Terming a reactor 'passively safe' is more a description of the strategy used in maintaining a degree of safety, than it is a description of the level of safety. Whether a reactor employing passive safety systems is to be considered safe or dangerous will depend on the criteria used to evaluate the safety level. This said, modern reactor designs have focused on increasing the amount of passive safety, and thus most passively safe designs incorporate both active and passive safety systems, making them substantially safer than older installations. They can be said to be "relatively safe" compared to previous designs.

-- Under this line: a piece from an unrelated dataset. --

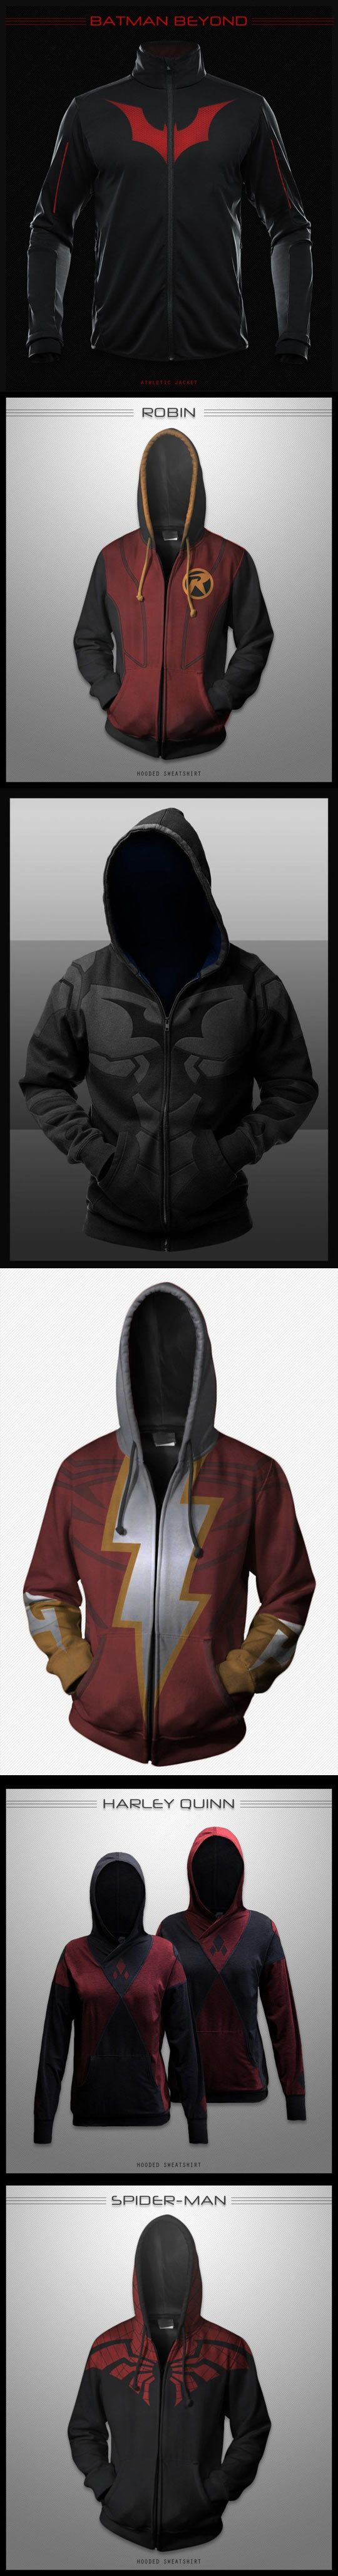 Amazing Concept Hoodies - Batman Beyond, Spiderman, Robin, Flash. I really like the Robin one.
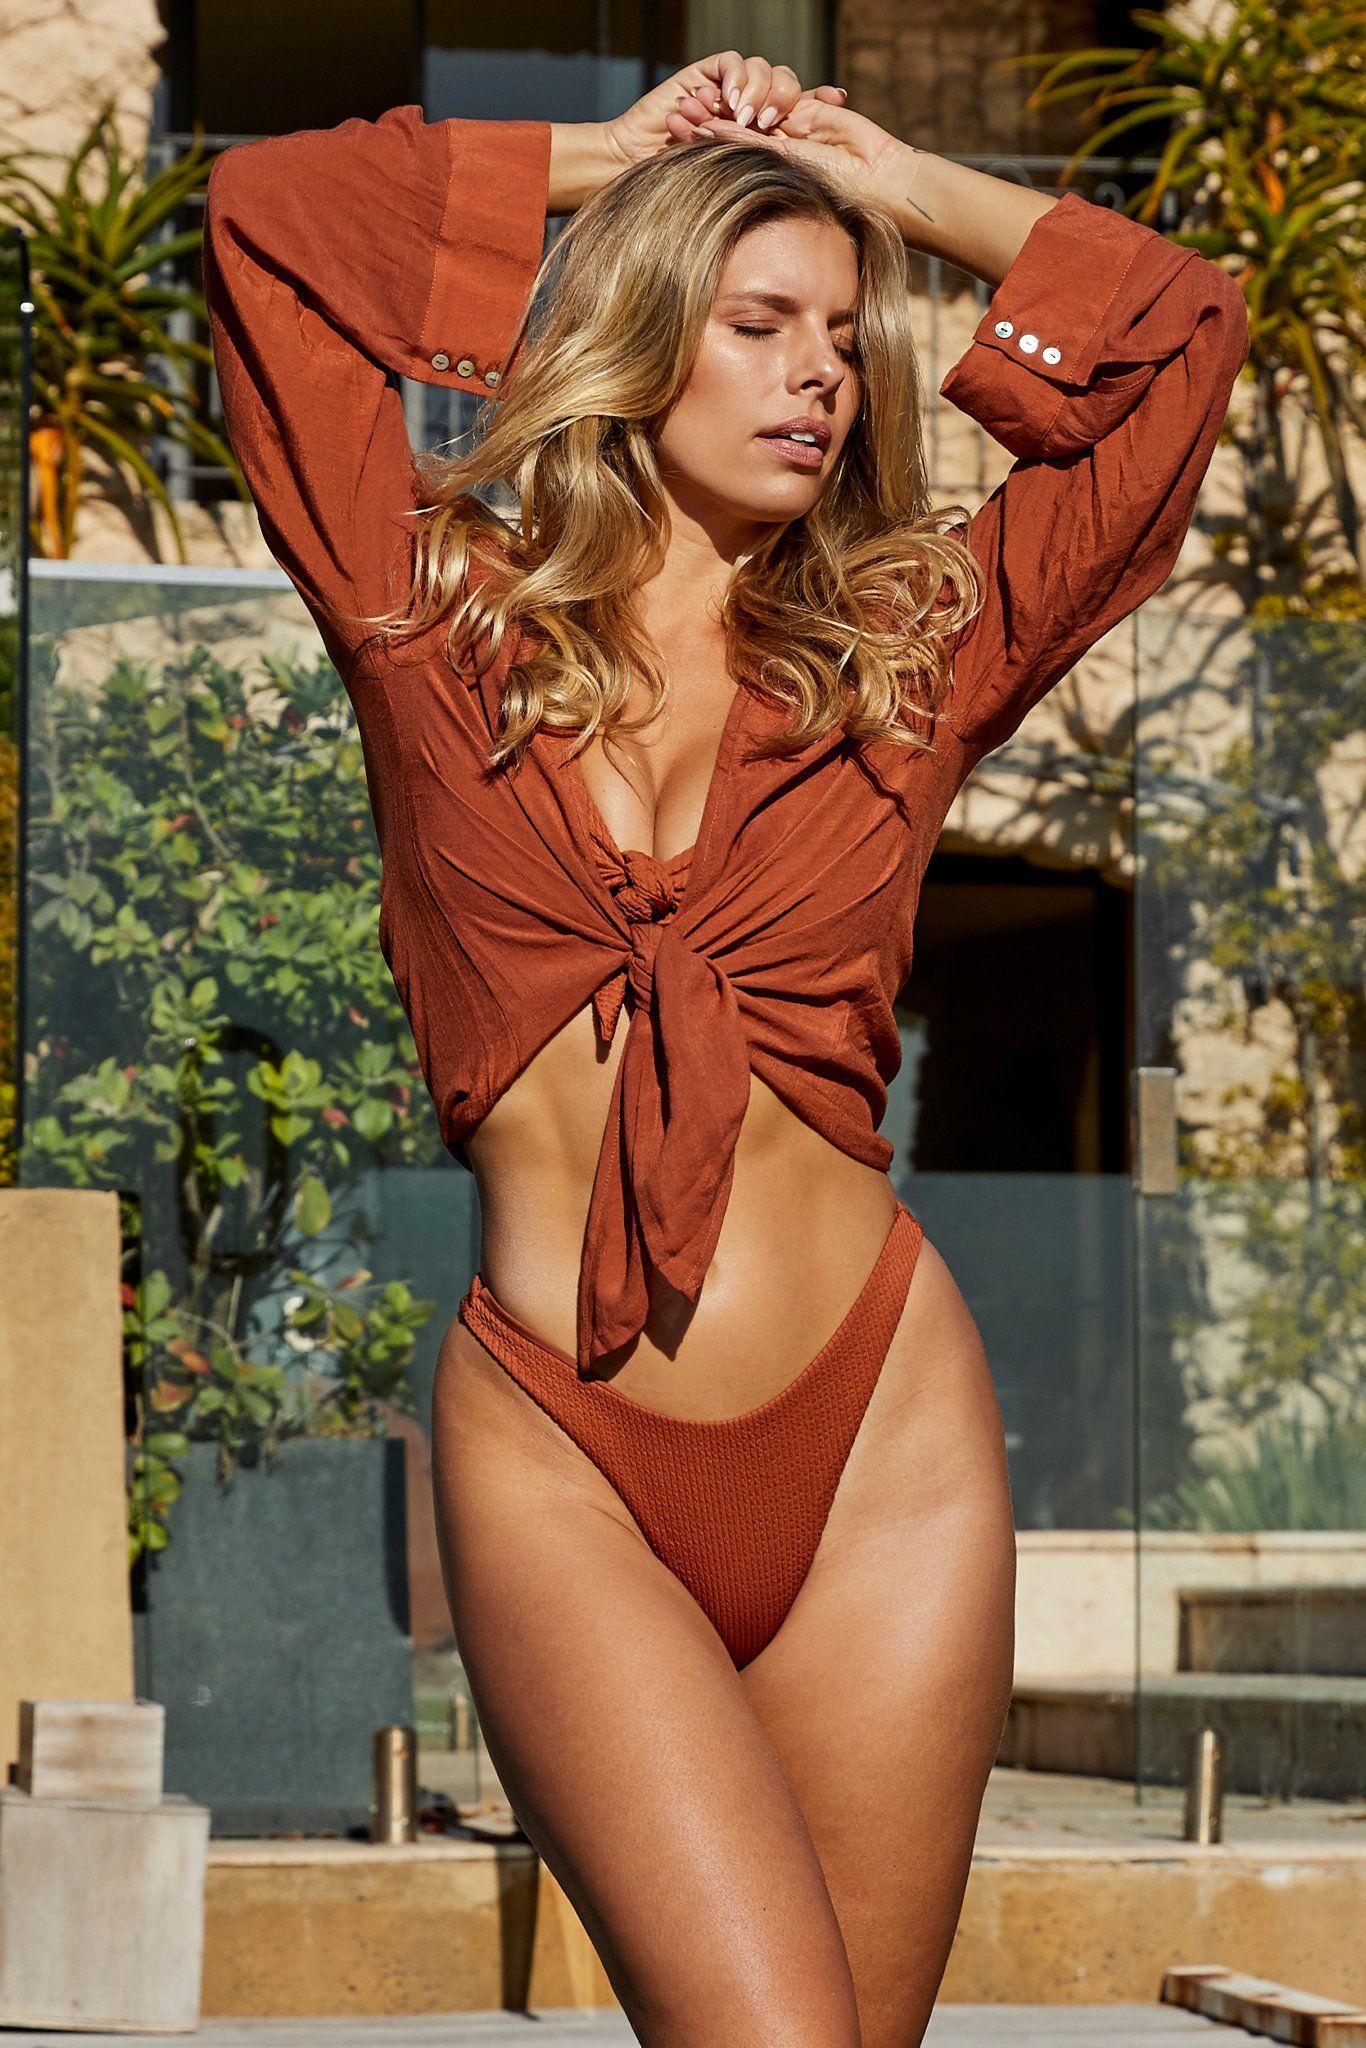 Tahiti Tie Top by Monday Swimwear, available on mondayswimwear.com for $89 Natasha Oakley Outerwear Exact Product

Reactor vendors like to call their new generation reactors 'passively safe' but this term is sometimes confused with 'inherently safe' in the public perception. It is very important to understand that there are no 'passively safe' reactors or 'passively safe' systems, only 'passively safe' components of safety systems exist. Safety systems are used to maintain control of the plant if it goes outside normal conditions in case of anticipated operational occurrences or accidents, while the control systems are used to operate the plant under normal conditions. Sometimes a system combines both features. Passive safety refers to safety system components, whereas inherent safety refers to control system process regardless of the presence or absence of safety specific subsystems.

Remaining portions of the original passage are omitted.